Allison Saar decided to use the power of form to effectively express her thoughts and feelings. Her sculptures communicate directly about history, ethnicity, and mythology using their own unique vocabularies. The stories that go with her sculptures are the lyrics to the tunes that captivate one’s soul. Saar draws inspiration from a variety of sources while creating her sculptures, graphics, and paintings; these influences include German Expressionism, African, African American Folk Art, and old European art. However, the majority of the stories in her works are about the African-American experience, and they evolve with time as the times do.

Where Alison Saar Exhibited or Performed Her Work

Museums, biennials, galleries, and public art spaces have displayed Saar’s work. The UCLA Fowler Museum of Cultural History, L.A. Louver Gallery, Phyllis Kind Gallery in New York City, Ben Maltz Gallery, and Pasadena Museum of California Art hosted significant exhibits of Saar’s work. Both The Studio Museum in Harlem and Dartmouth College hosted her as an artist-in-residence (Lundy, 2021).

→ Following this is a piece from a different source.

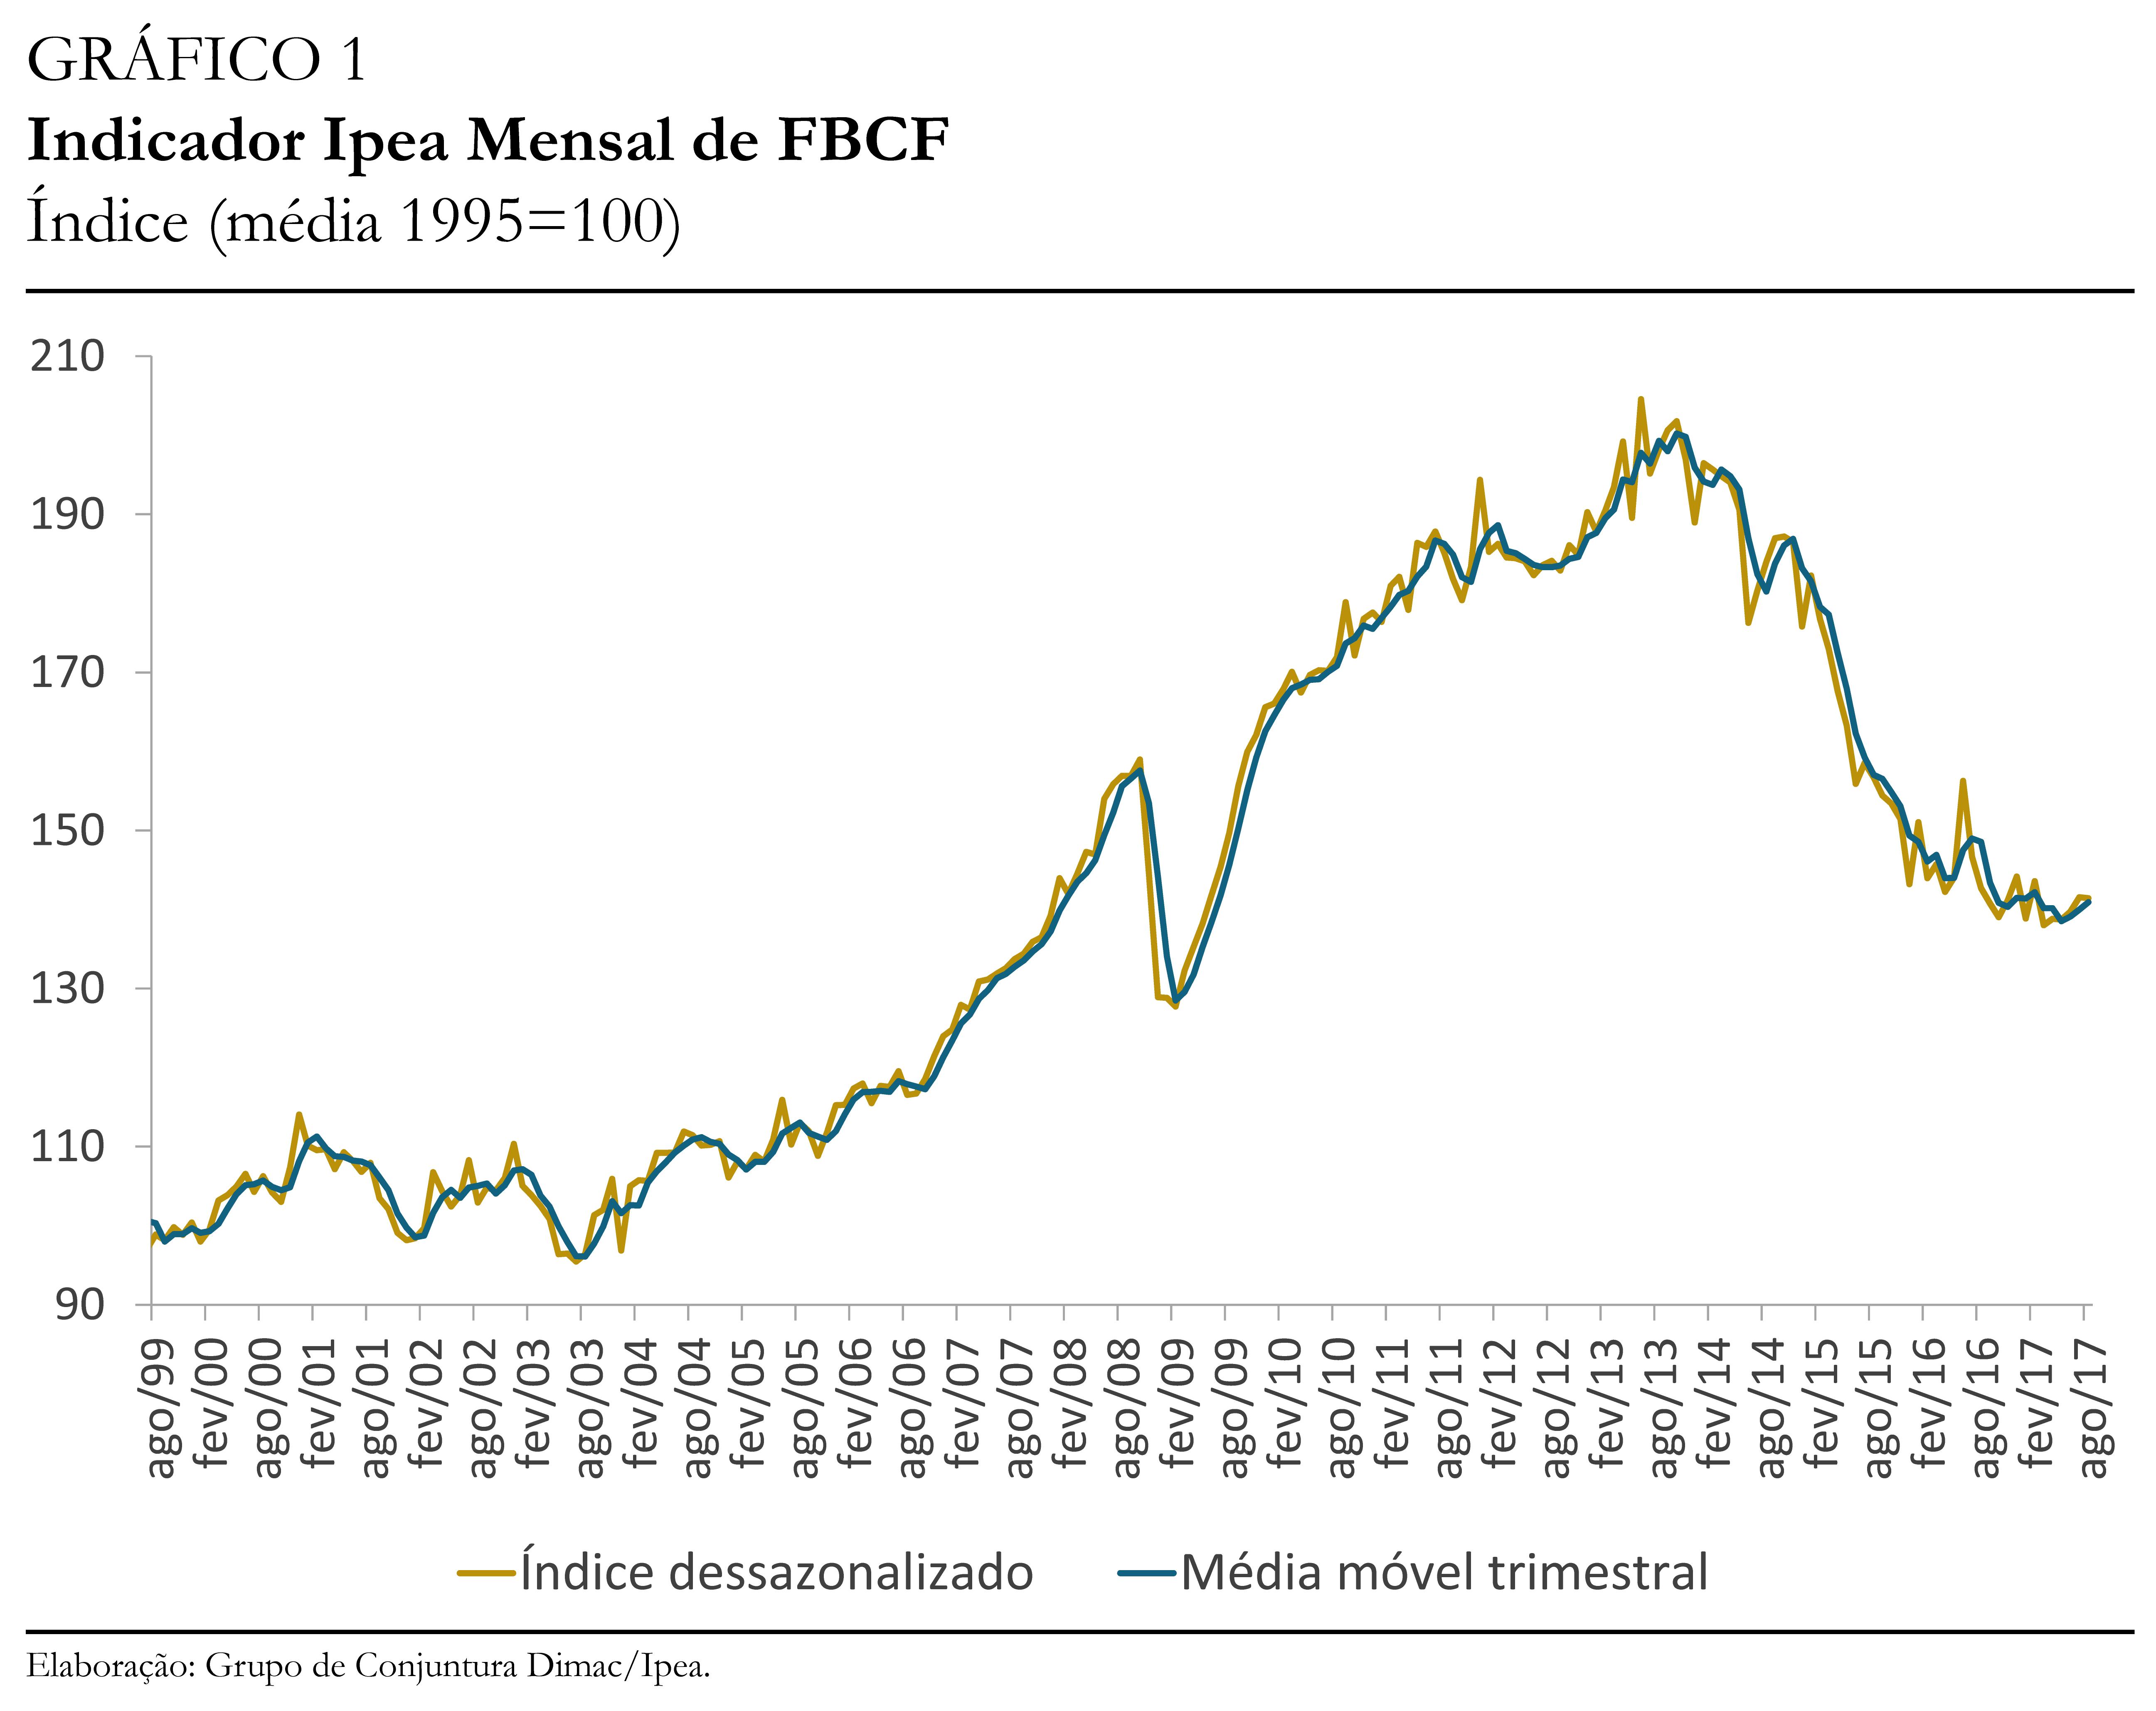 Gráfico indicador Ipea FBCF ago17

The Museum of the African Diaspora in 2015–16; The Fields Sculpture Park, Omi International Arts Center in 2014–15; Watts Towers Art Center in 2014–15; and Alison Saar: Bearing at the Museum of the African Diaspora in 2015–16; Winter at The Fields Sculpture Park, Omi International Arts Center in 2014–15; Hothouse at the Watts Towers Art Center in 2014–15; which debuted at the Ben Maltz Gallery.

Conclusion

Alison Saar is a sculpture, mixed-media, and installation artist working in Los Angeles, California. Her work has been influenced by folk art and spirituality from Africa, the Caribbean, and Latin America and focuses on the African diaspora and black female identity (Neilson, 2019). For “transforming found things to represent issues of cultural and social identity, history, and religion,” Saar is renowned.

References

Gulla, A. N., & Sherman, M. H. (2020). Making Claims and Making Change: Creative Responses to the 1619 Project. In Inquiry-Based Learning Through the Creative Arts for Teachers and Teacher Educators (pp. 143-157). Palgrave Macmillan, Cham.

Lundy, A. B. (2021). (Doctoral dissertation, Florida Atlantic University). Web.

Neilson, C. (2019). Like Life. Sculpture, Color, and the Body (1300-Now). Sculpture Journal, 28(3), 415-419. Web.